• [Given data]

=== Section Start ===

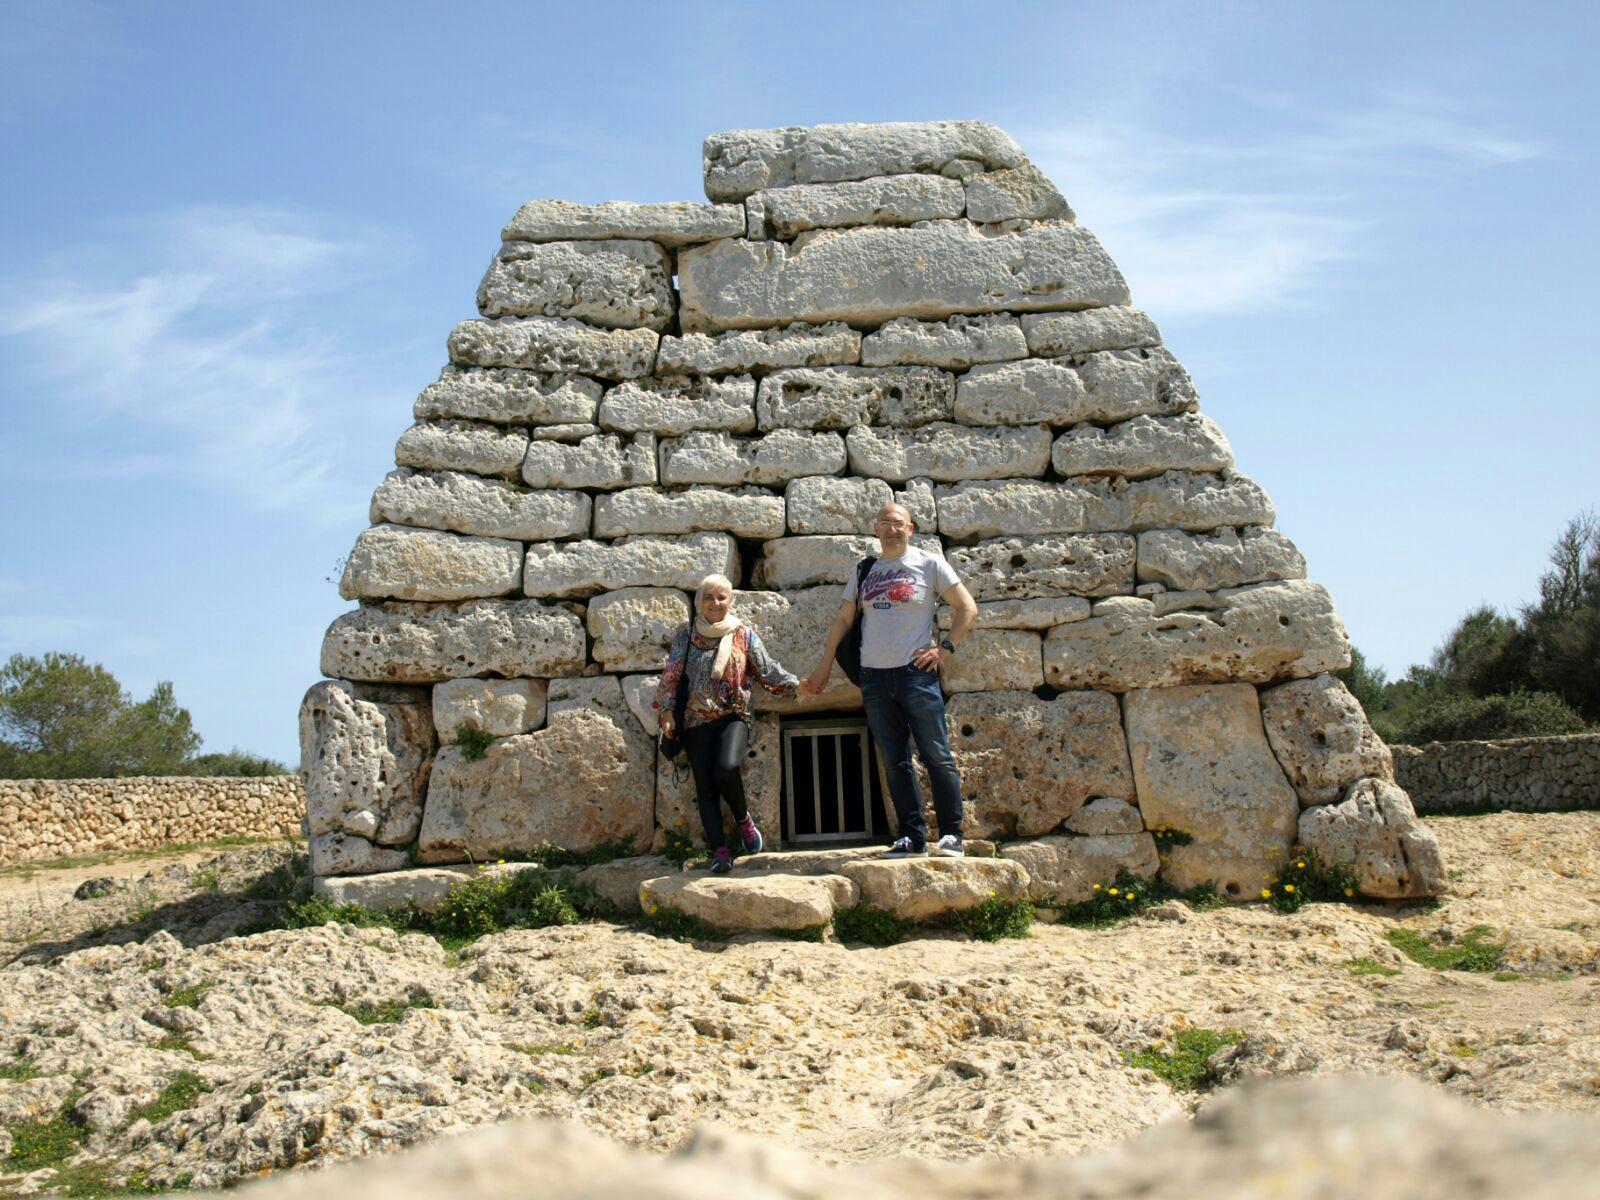 Ferran y Toni en la Naveta des Tudons en Menorca.
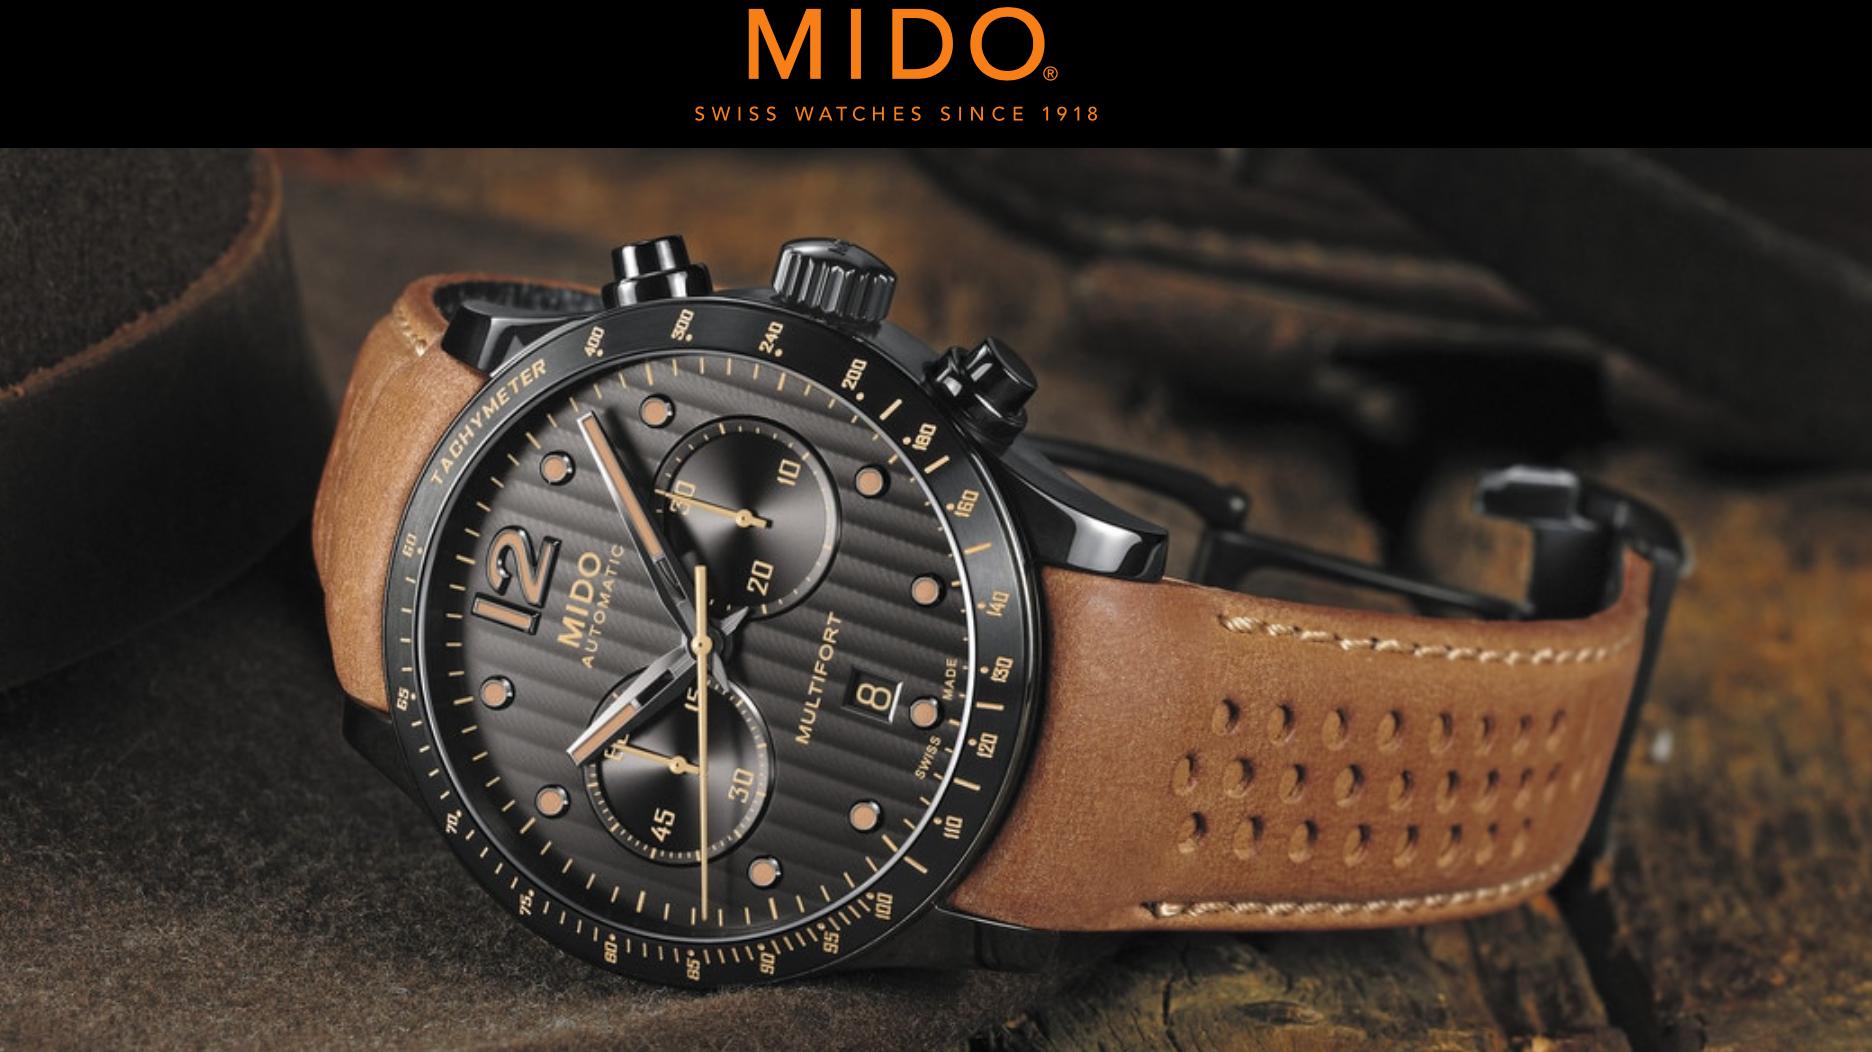 Mido - Made in Switzerland
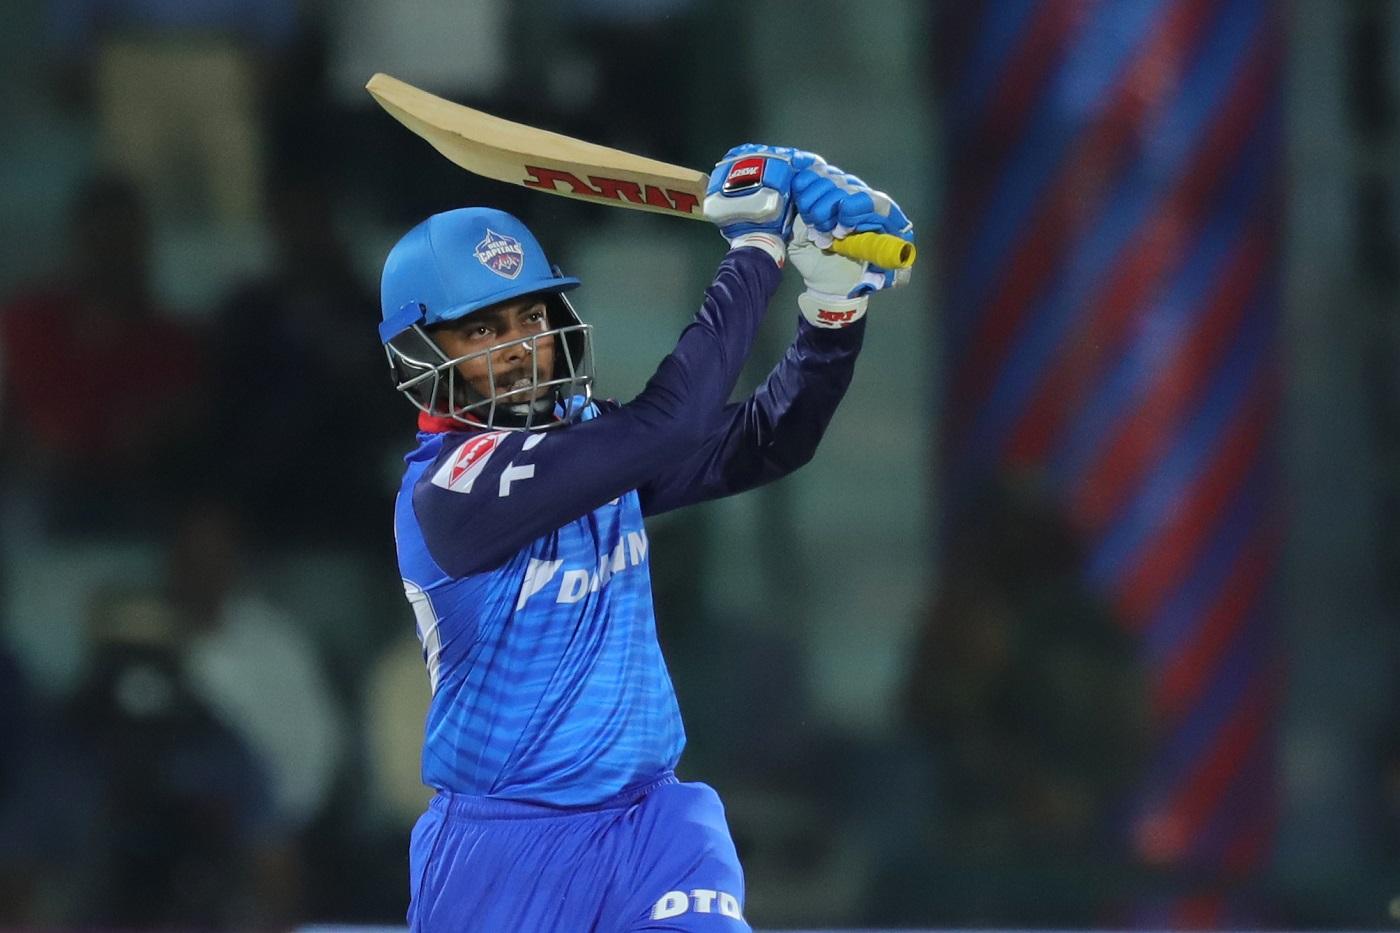 भारतीय टीम को मिला नया 'हिटमैन', जल्द भारतीय टीम में लेगा रोहित शर्मा की जगह 3
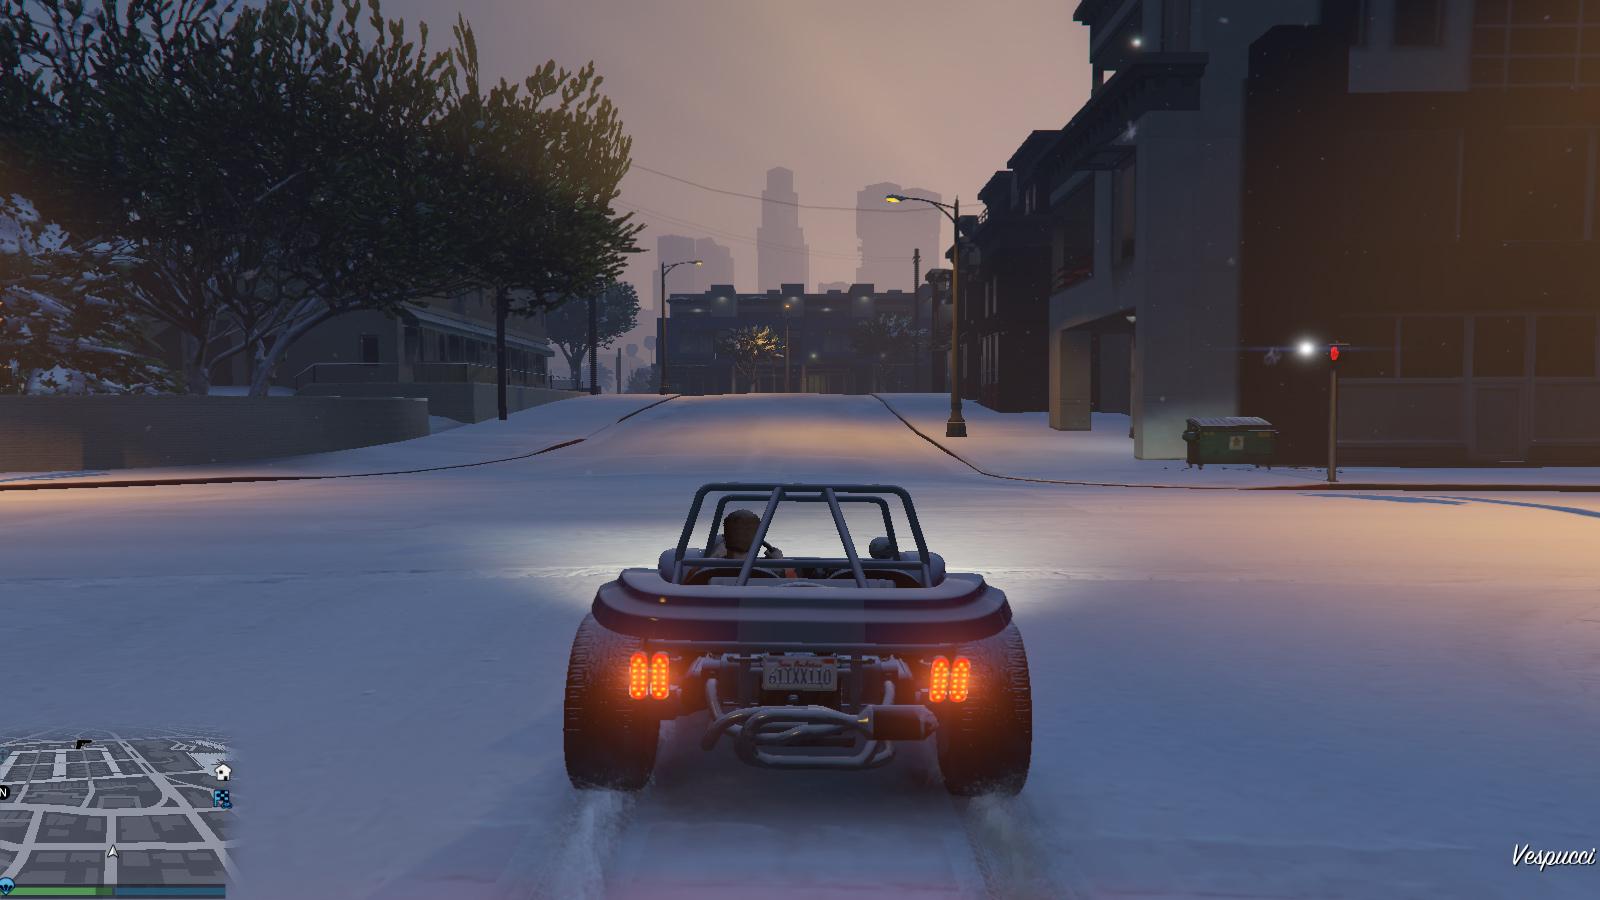 GTA 5 PC New Mod Adds Snow To GTA Online VG247
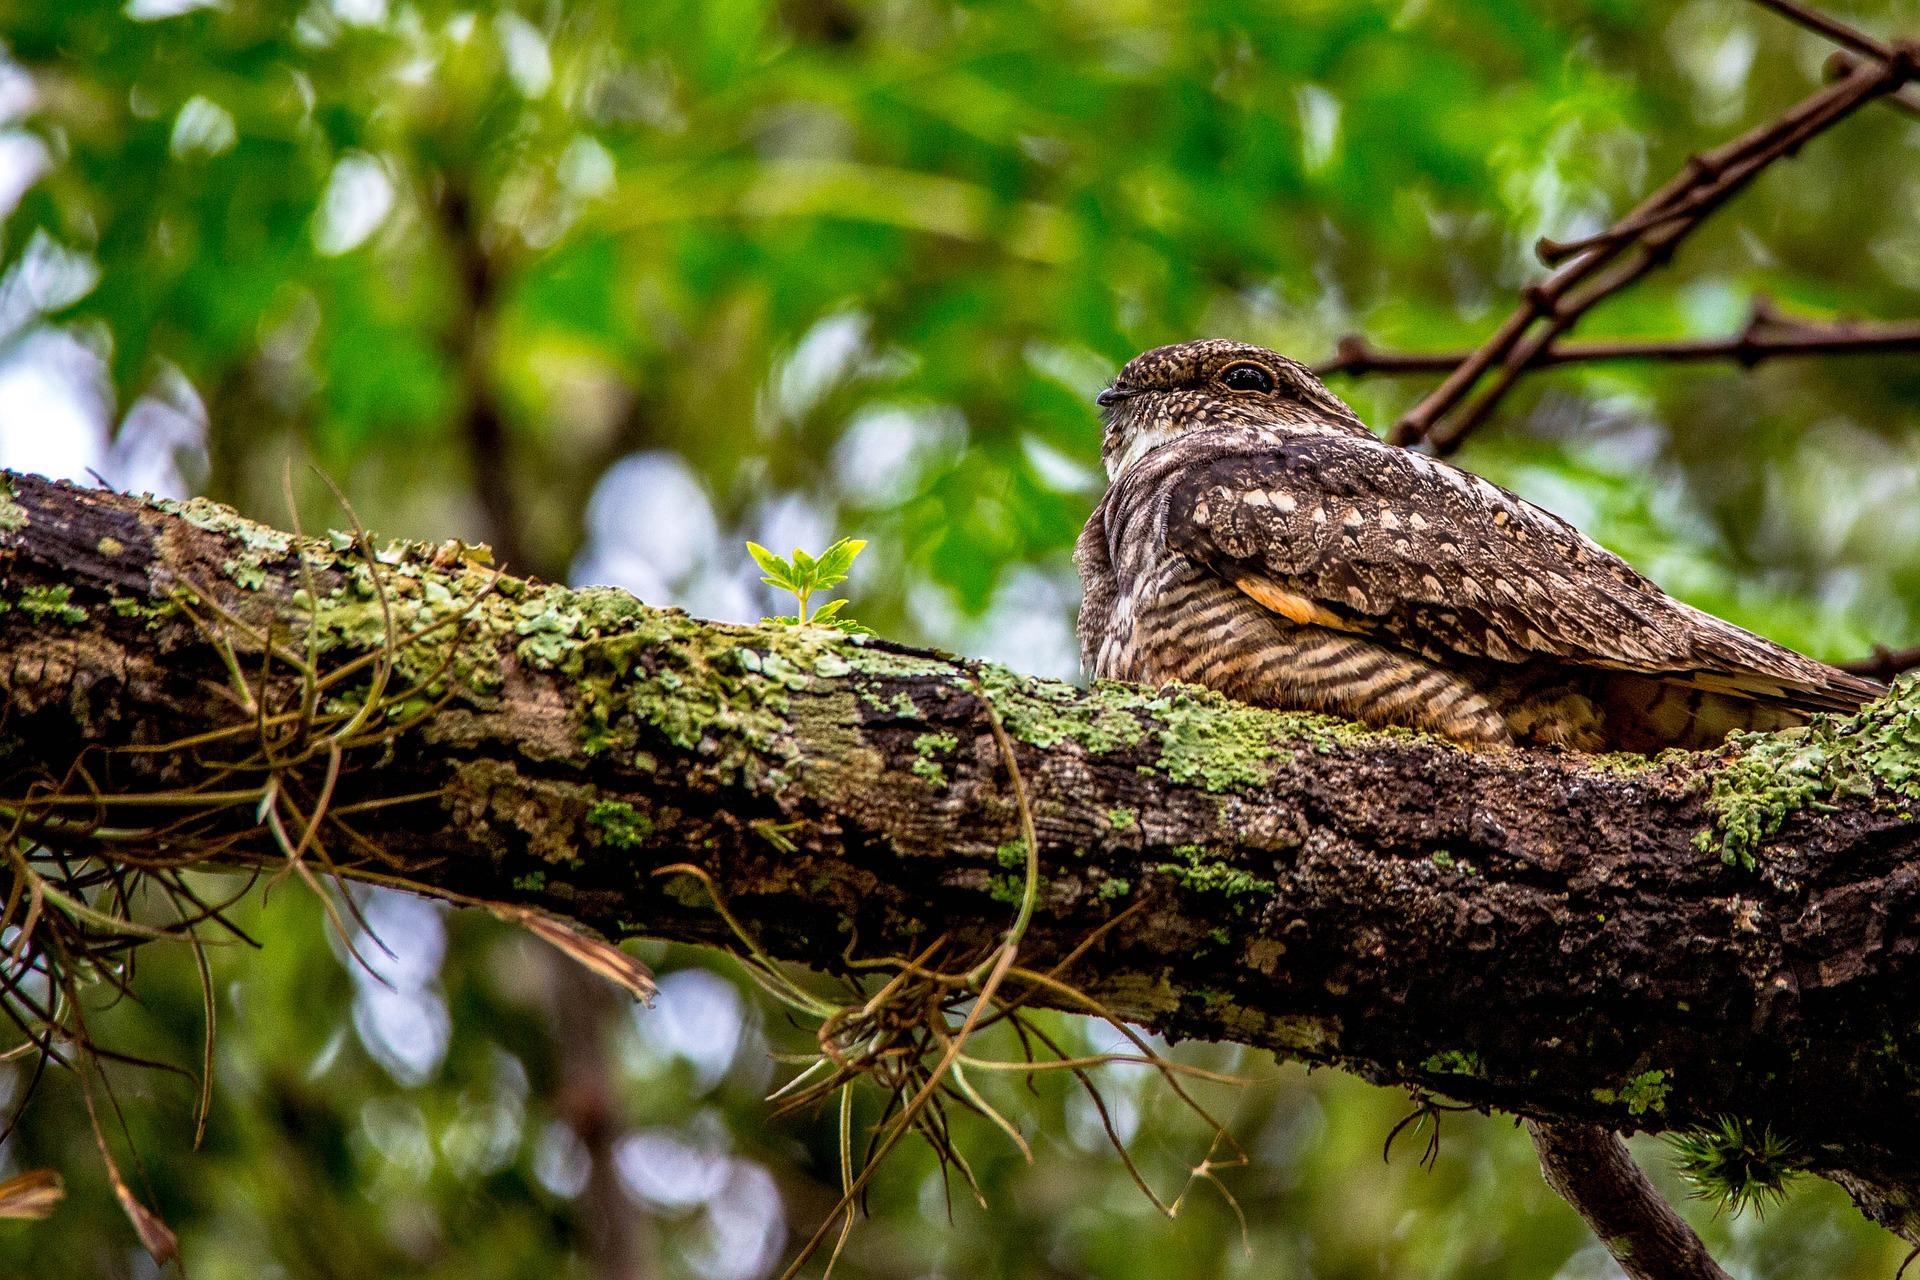 An unasumming brown bird sits on a branch.

=== Section End ===

• [What is being asked]
Give back all the material exactly, with no pictures.

• [Solution to the exercise]
 Ferran y Toni en la Naveta des Tudons en Menorca.
 Mido - Made in Switzerland
 भारतीय टीम को मिला नया 'हिटमैन', जल्द भारतीय टीम में लेगा रोहित शर्मा की जगह 3
 GTA 5 PC New Mod Adds Snow To GTA Online VG247
 An unasumming brown bird sits on a branch.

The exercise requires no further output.